The canonical pattern is deny-all first (`_base_disable_all`), then
selectively re-enable and configure, then apply standard exclusions
(`_default_disabled_quantizer_cfg`).
##### Changes
**Core library (`modelopt/torch/quantization/`)**
- **`config.py`**:
- Added `QuantizerCfgEntry` TypedDict (line 163) and
`find_quant_cfg_entry_by_path()` helper for exact-match lookup of
entries by path.
- Added `normalize_quant_cfg_list()` (line 1539) that converts legacy
formats (flat dict, single-key dicts, `nn.*`-scoped dicts, `"default"`
key) to canonical `QuantizerCfgEntry` lists. After normalization every
entry is guaranteed to have explicit `quantizer_name`, `enable`, and
`cfg` keys.
- Converted `_default_disabled_quantizer_cfg` and
`_mamba_moe_disabled_quantizer_cfg` from dicts to lists of
`QuantizerCfgEntry`.
- Added `_base_disable_all` (line 205): canonical deny-all entry
(`[{"quantizer_name": "*", "enable": False}]`).

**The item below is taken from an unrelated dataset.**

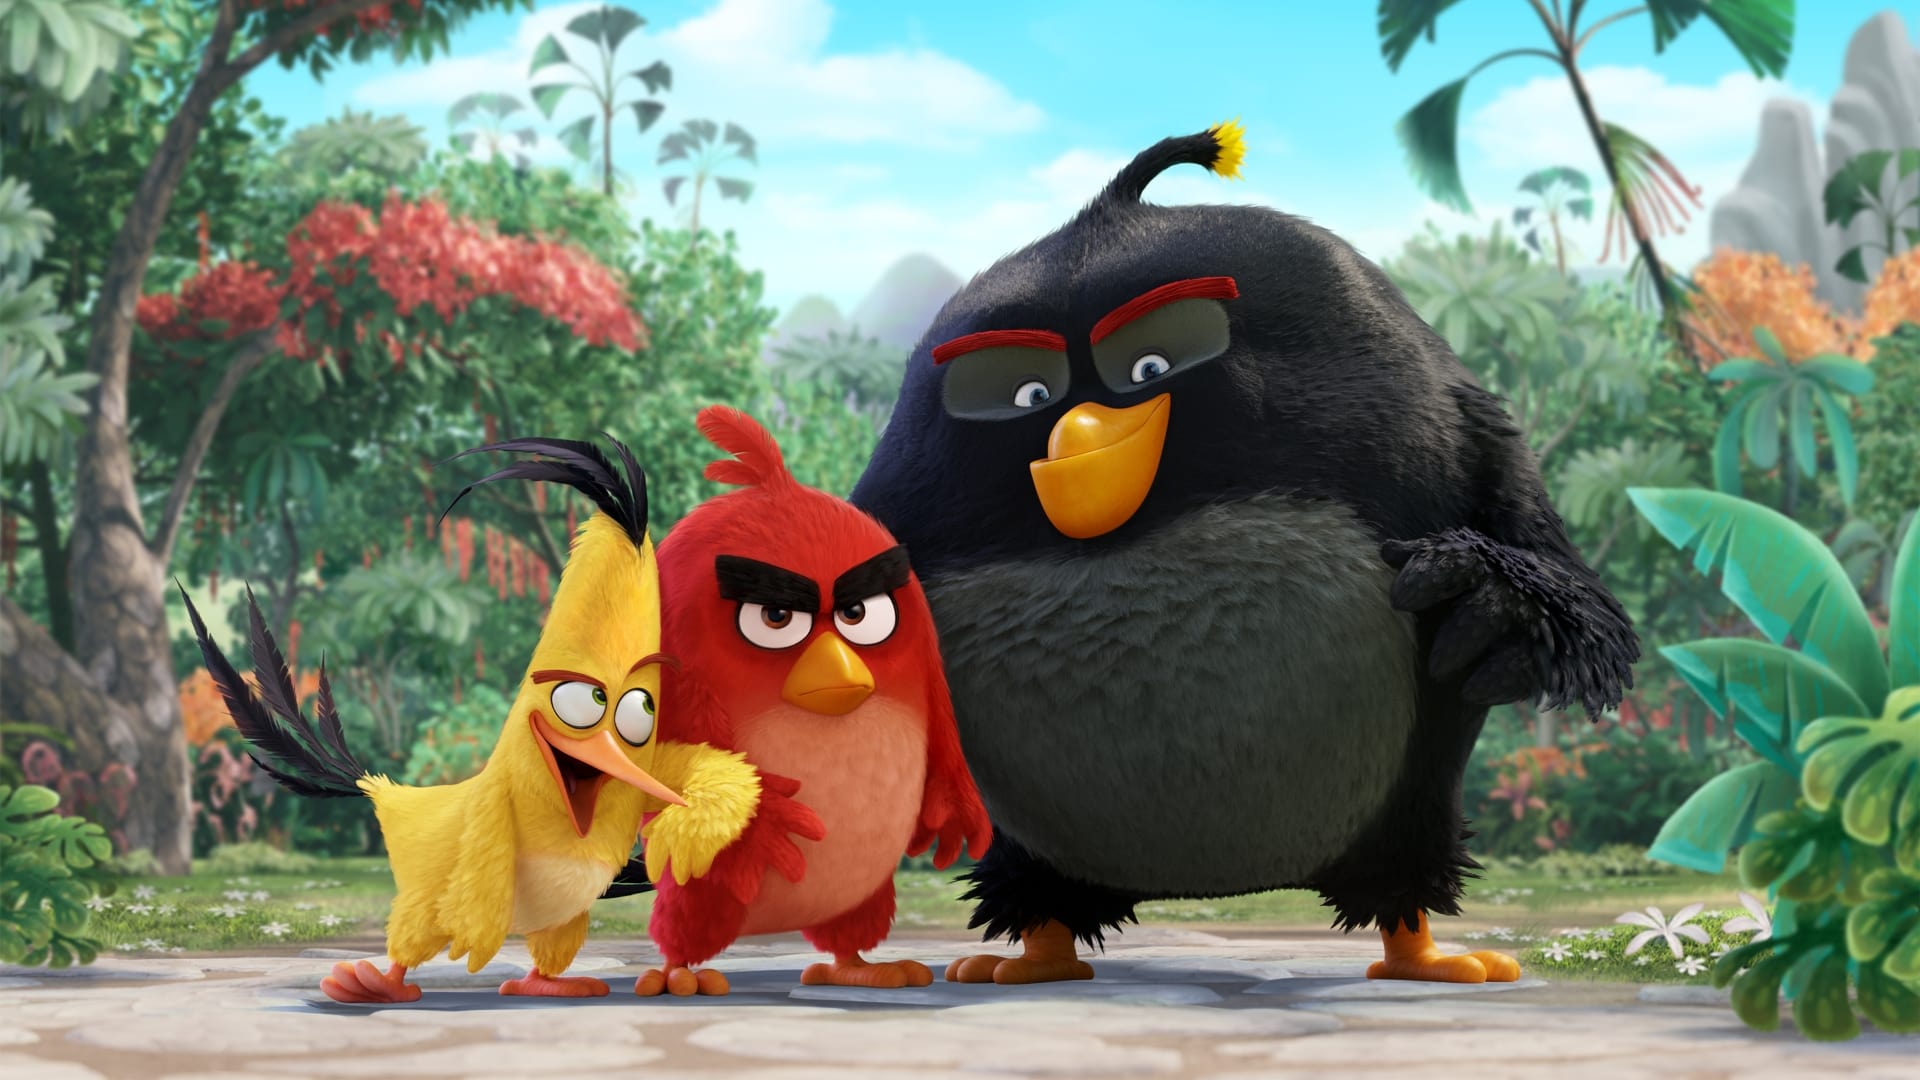 Angry Birds у кіно (2016)

- Converted all ~30 built-in config constants (`INT8_DEFAULT_CFG`,
`FP8_DEFAULT_CFG`, `NVFP4_DEFAULT_CFG`, etc.) to list format using
`*_base_disable_all` and `*_default_disabled_quantizer_cfg` unpacking.
- KV-cache configs (`FP8_KV_CFG`, `NVFP4_KV_CFG`, etc.) are now minimal
lists designed to be concatenated with a primary config — they
intentionally omit `_base_disable_all` and `"algorithm"`.

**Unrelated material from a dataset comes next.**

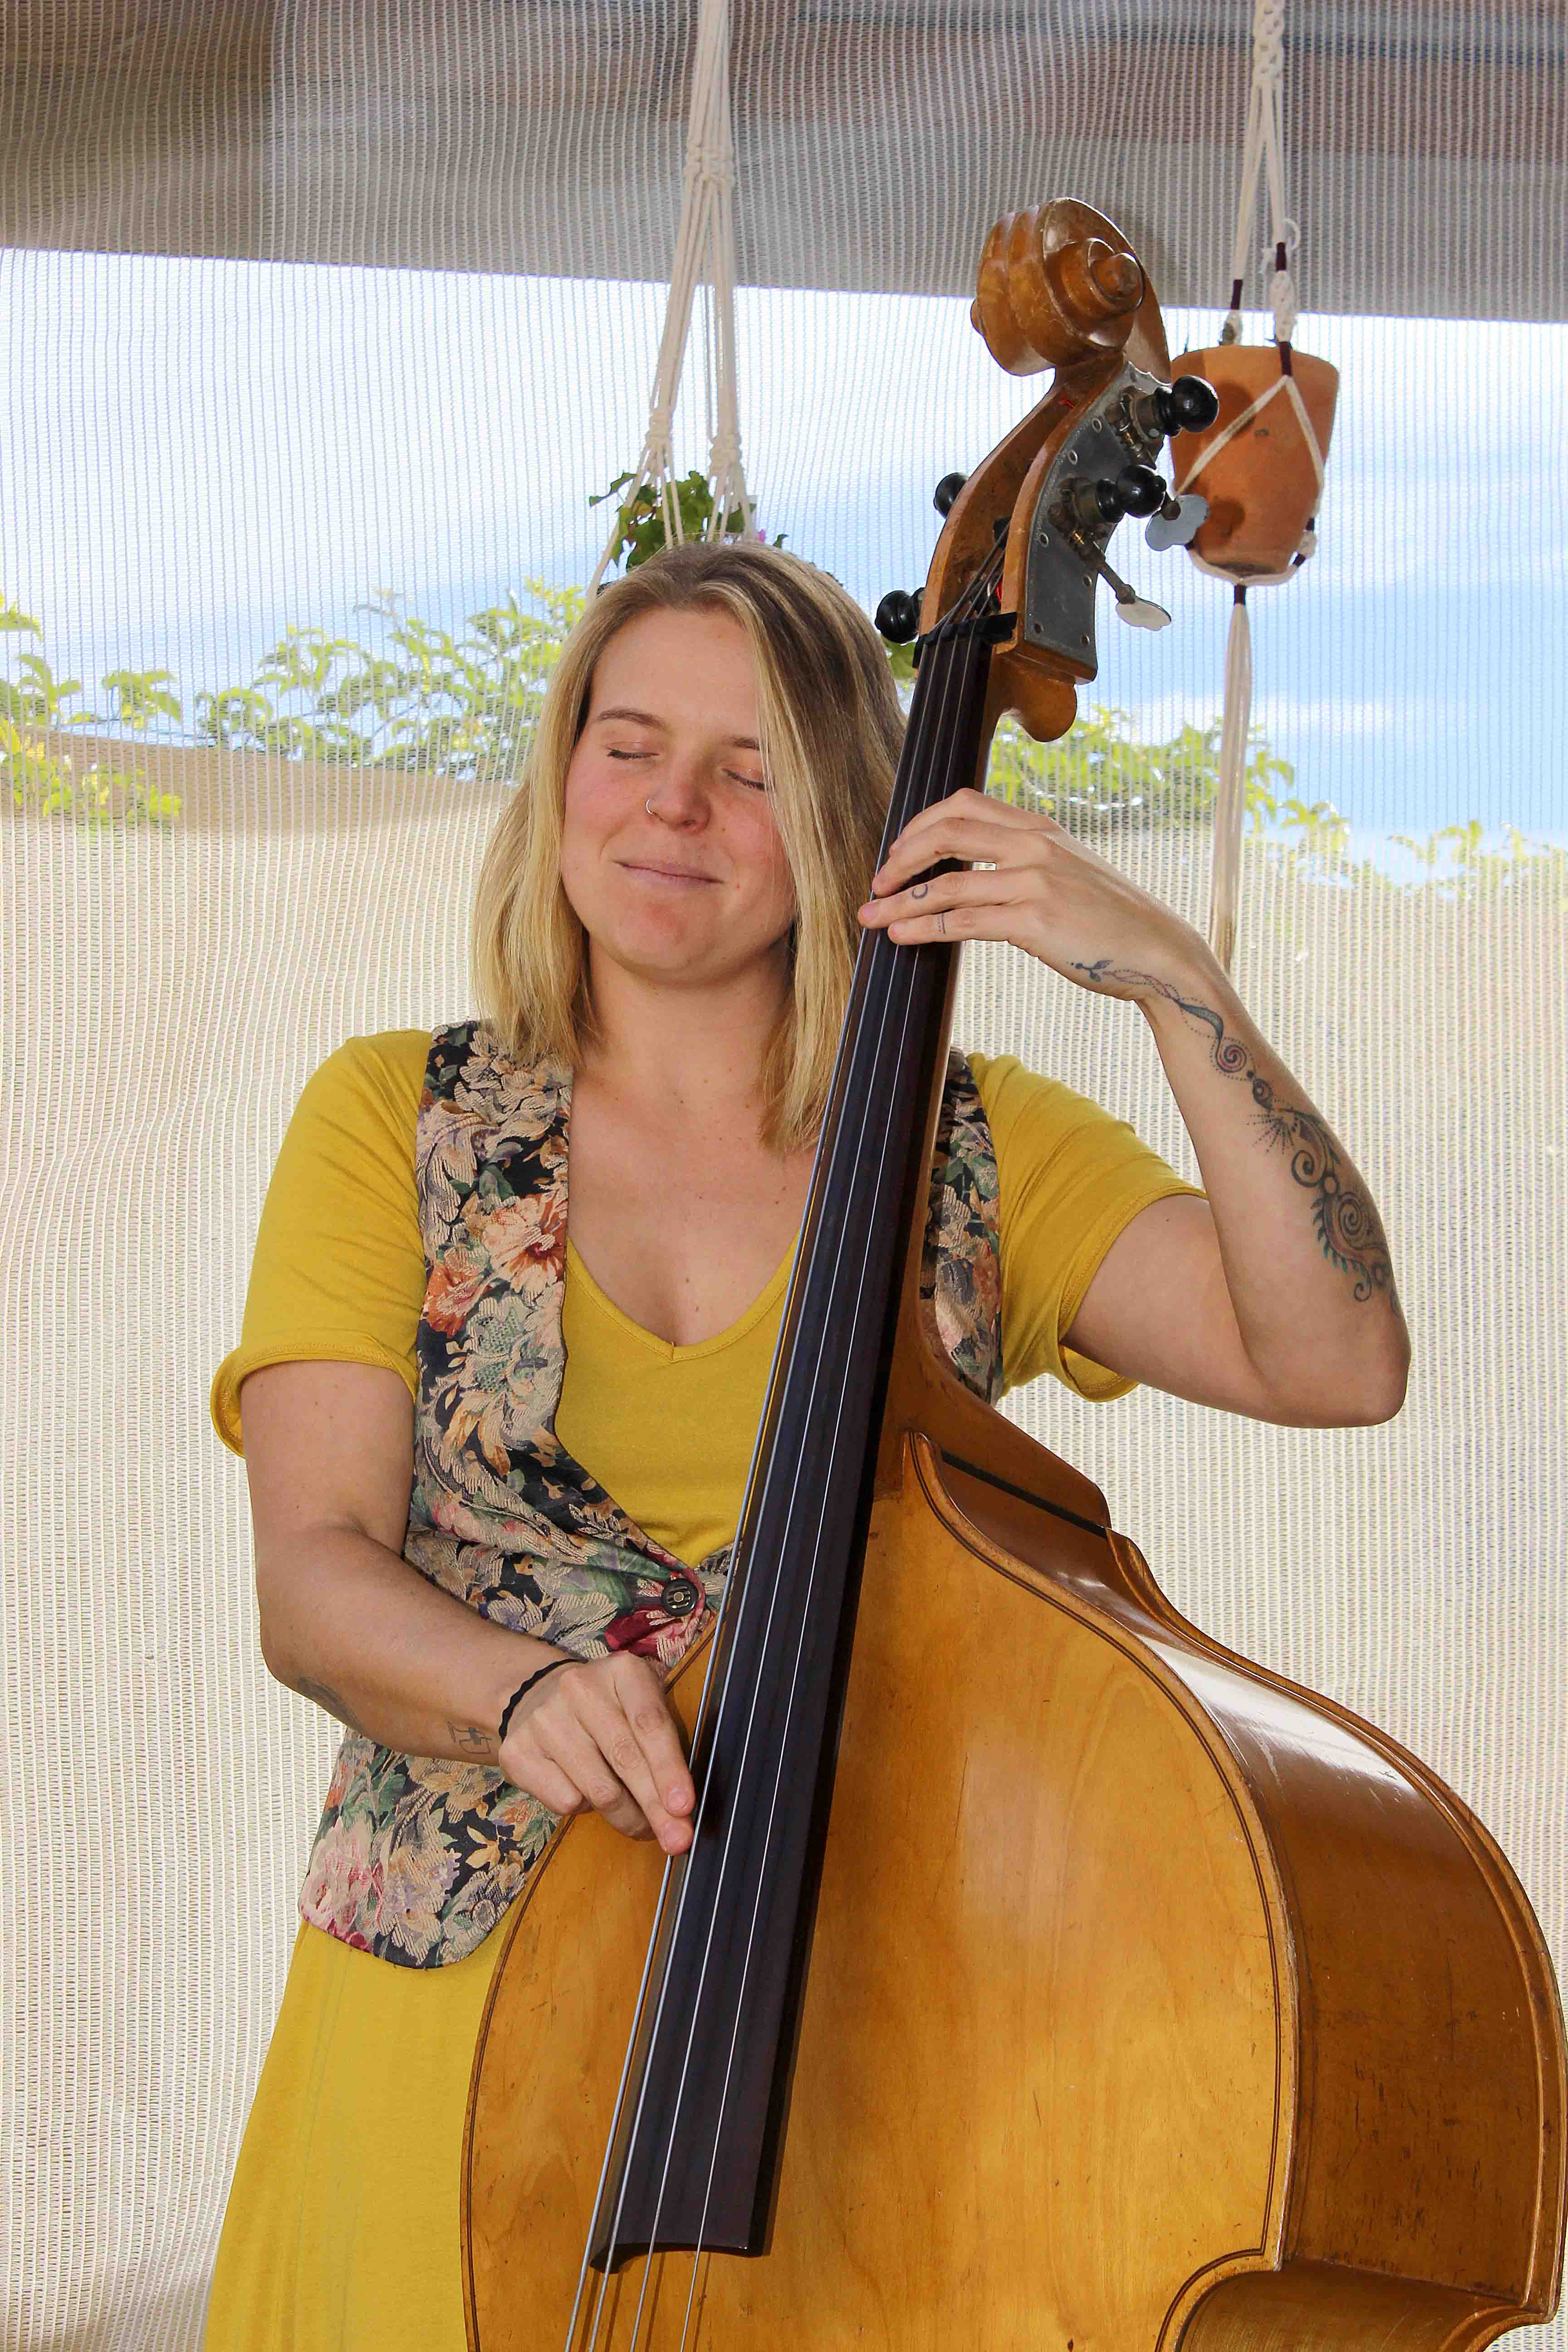 Sarah Blake playing the cello.

- Added two `QuantizeConfig` Pydantic field validators: a
`mode="before"` validator that calls `normalize_quant_cfg_list()`, and a
`mode="after"` validator that validates `cfg` dicts against
`QuantizerAttributeConfig`.
- Updated `need_calibration()` to iterate the normalized list instead of
the old dict.
- Changed `QuantizeQuantCfgType` alias from `dict[str | Callable, ...]`
to `list[QuantizerCfgEntry]`.
- **`conversion.py`**:
- Rewrote `set_quantizer_by_cfg()` (line 217) to iterate the list
directly. Each entry's `parent_class` is resolved via
`QuantModuleRegistry[parent_class_name]` (the existing `_DMRegistryCls`
registry).
- Added `set_quantizer_attributes_full()` (line 314): full replacement
of quantizer attributes from a `QuantizerAttributeConfig`. Unspecified
fields revert to defaults, enforcing entry atomicity. Can also upgrade
`TensorQuantizer` → `SequentialQuantizer` or downgrade the reverse.
- Added `set_quantizer_attributes_partial()` (line 384): merges a
partial `dict` of attributes into existing quantizer state. Does NOT
change quantizer structure. Used for enable-only entries.
- Added `set_quantizer_by_cfg_context()` context manager (line 447) that
temporarily applies a `quant_cfg` list and restores original quantizer
state on exit.
- Deprecated `set_quantizer_attribute()` (line 525) with a
`DeprecationWarning` pointing to the new functions.
- **`tensor_quantizer.py`**:
- `TensorQuantizer.set_from_attribute_config()`: narrowed type hint from
`dict` to `dict[str, Any]`.
- Added `_axis_setter` and `_block_sizes_setter` custom setters so that
`axis` and `block_sizes` changes properly propagate to the calibrator
and maintain mutual exclusivity.
- `SequentialQuantizer.set_from_attribute_config()`: narrowed signature
to `list[QuantizerAttributeConfig] | list[dict[str, Any]]` (removed the
old union with single values).
- **`algorithms.py`**:
- Updated `_match_quantizer_cfg()` to iterate the list and return
`(matched_cfg, matched_enable)` tuple with last-match-wins.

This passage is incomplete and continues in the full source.